_INFORMATION PROVIDED_
>>>

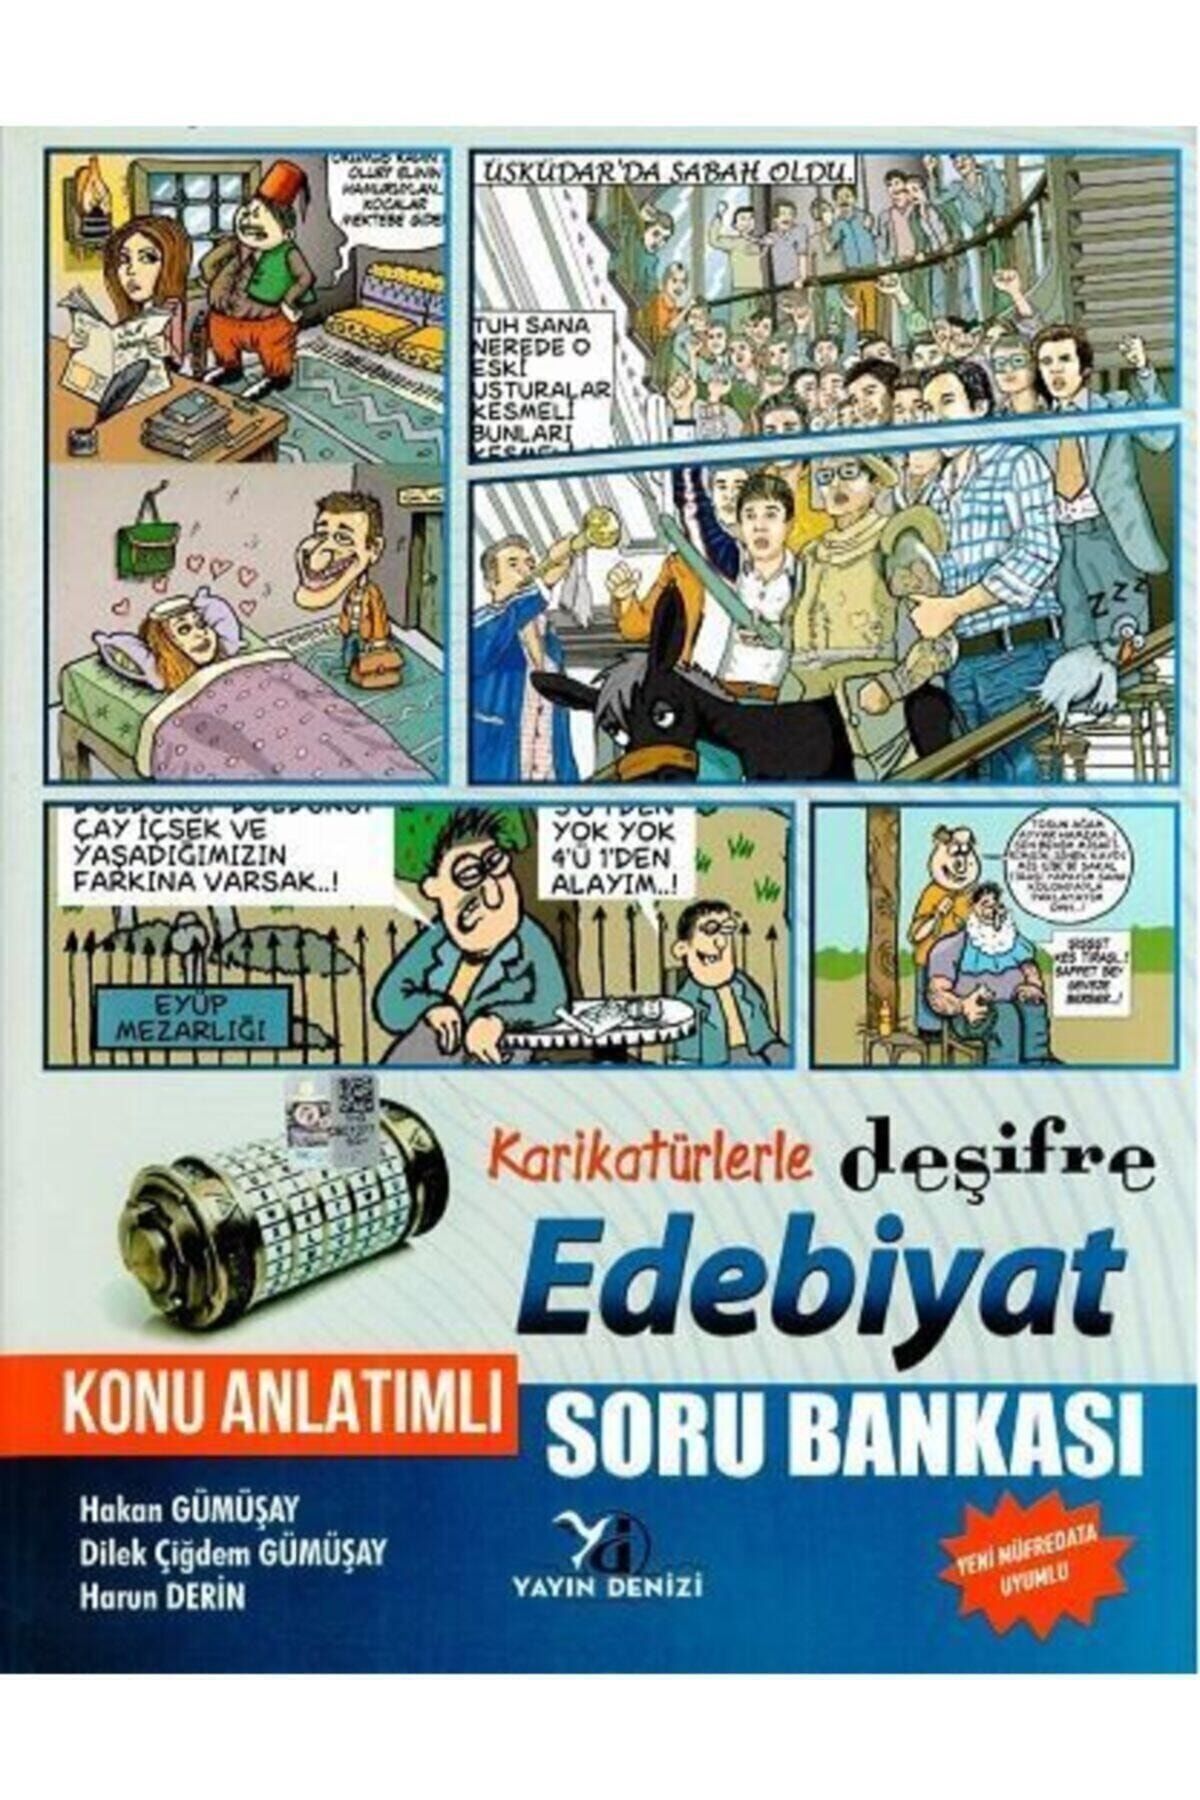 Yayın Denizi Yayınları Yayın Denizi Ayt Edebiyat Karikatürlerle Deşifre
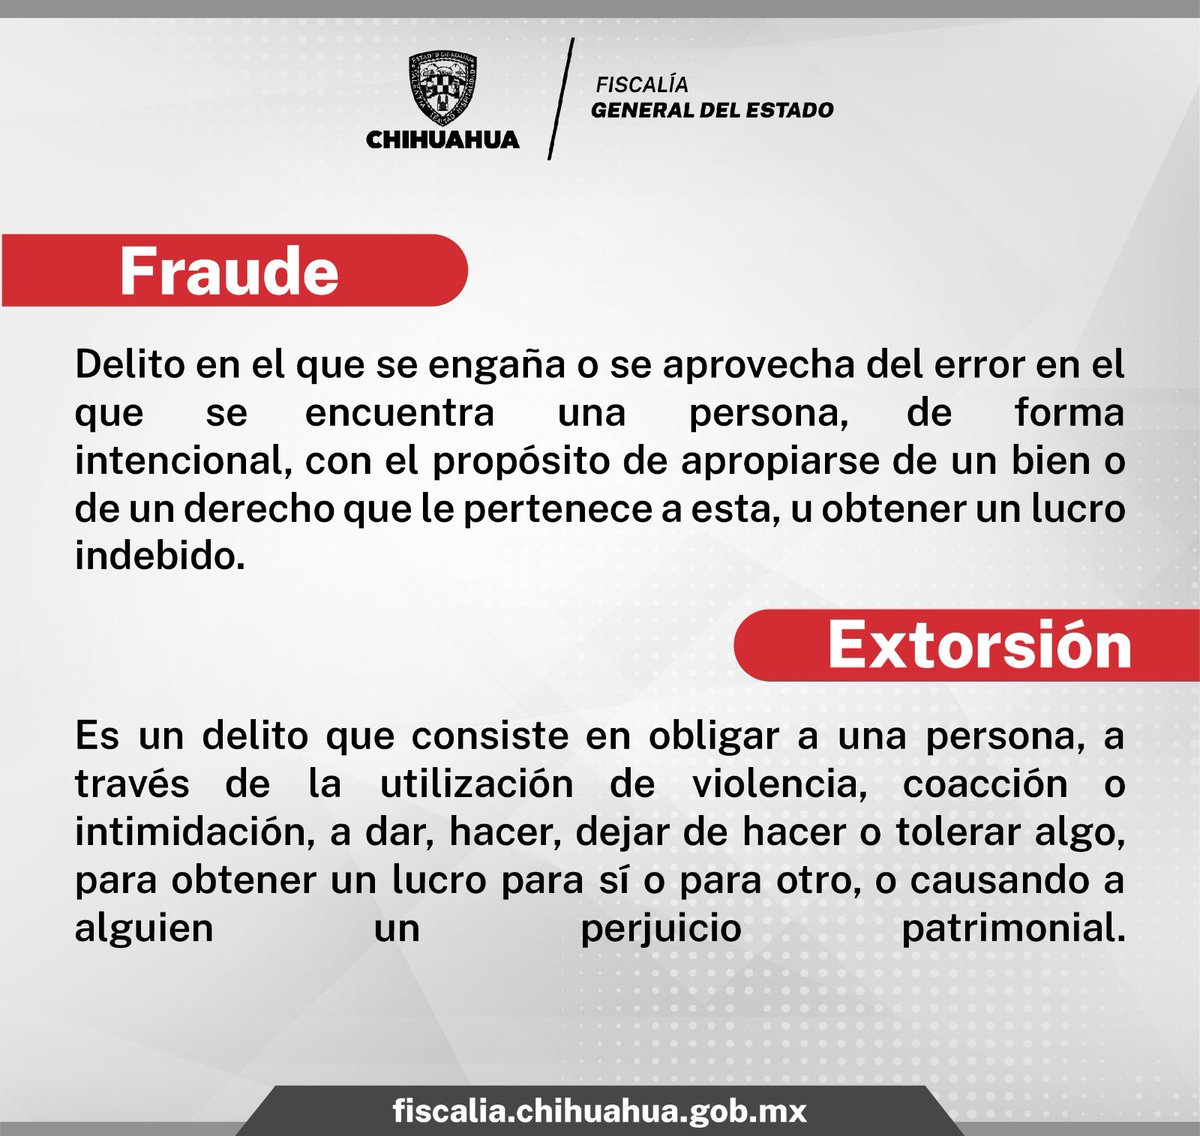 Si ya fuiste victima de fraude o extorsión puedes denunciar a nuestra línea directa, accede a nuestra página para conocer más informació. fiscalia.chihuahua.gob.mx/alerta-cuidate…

<<<
>>>

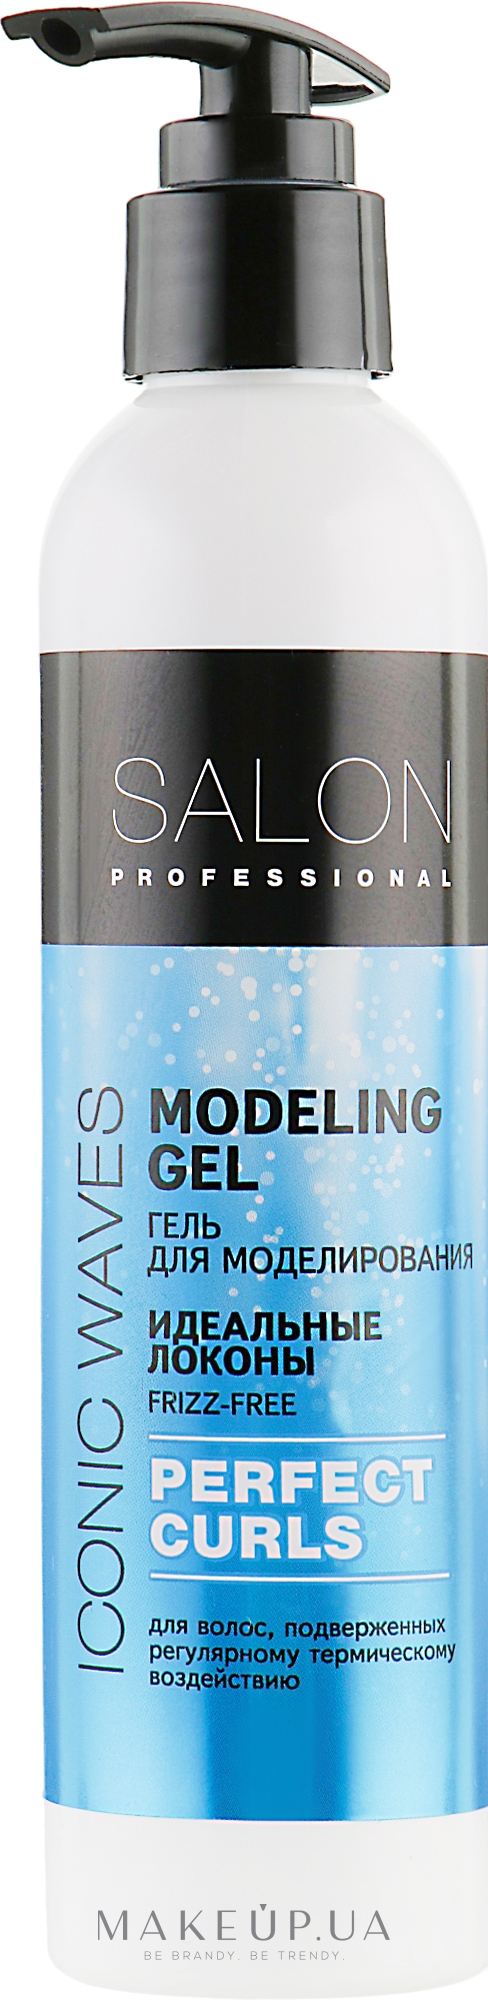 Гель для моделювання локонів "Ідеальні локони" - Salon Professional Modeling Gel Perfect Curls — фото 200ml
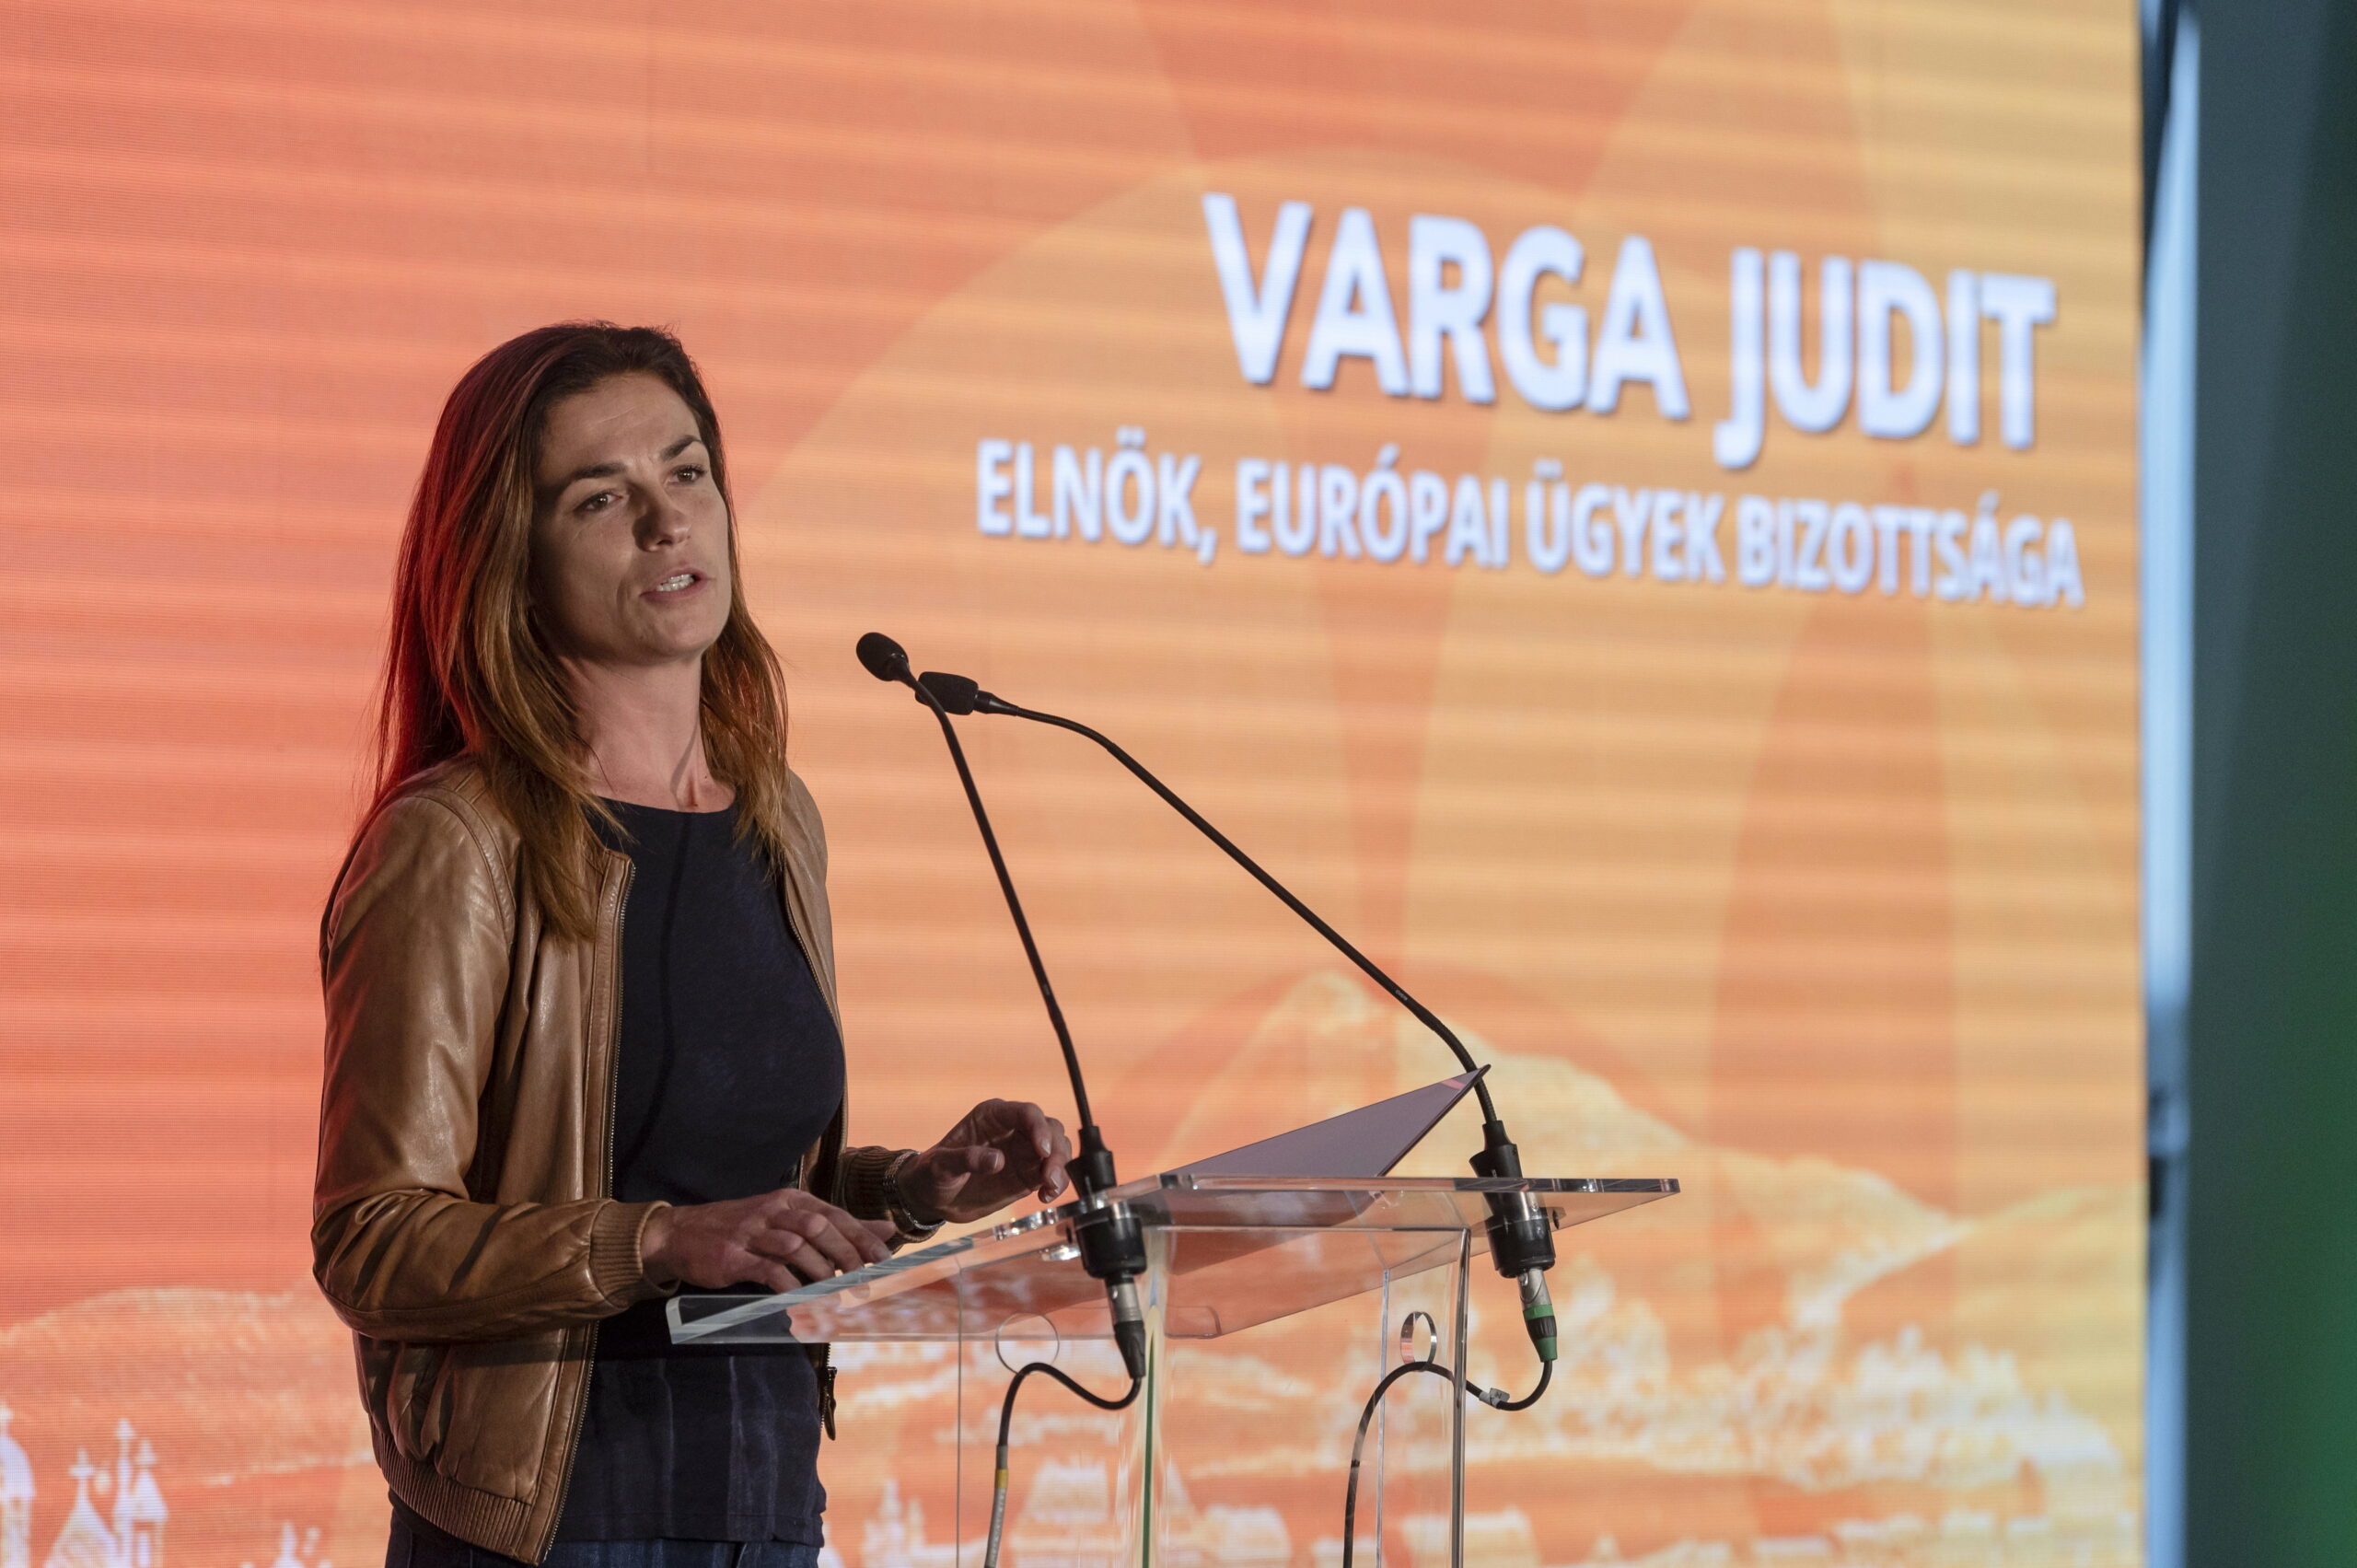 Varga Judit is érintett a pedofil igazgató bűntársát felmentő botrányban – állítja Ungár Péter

<<<

_TASK TO CARRY OUT_
Starting at the line above with "Гель для моделювання", output every line exactly up to and including the line with "Varga Judit is", but none of the pictures.

_ANSWER BOX_
 Гель для моделювання локонів "Ідеальні локони" - Salon Professional Modeling Gel Perfect Curls — фото 200ml
 Varga Judit is érintett a pedofil igazgató bűntársát felmentő botrányban – állítja Ungár Péter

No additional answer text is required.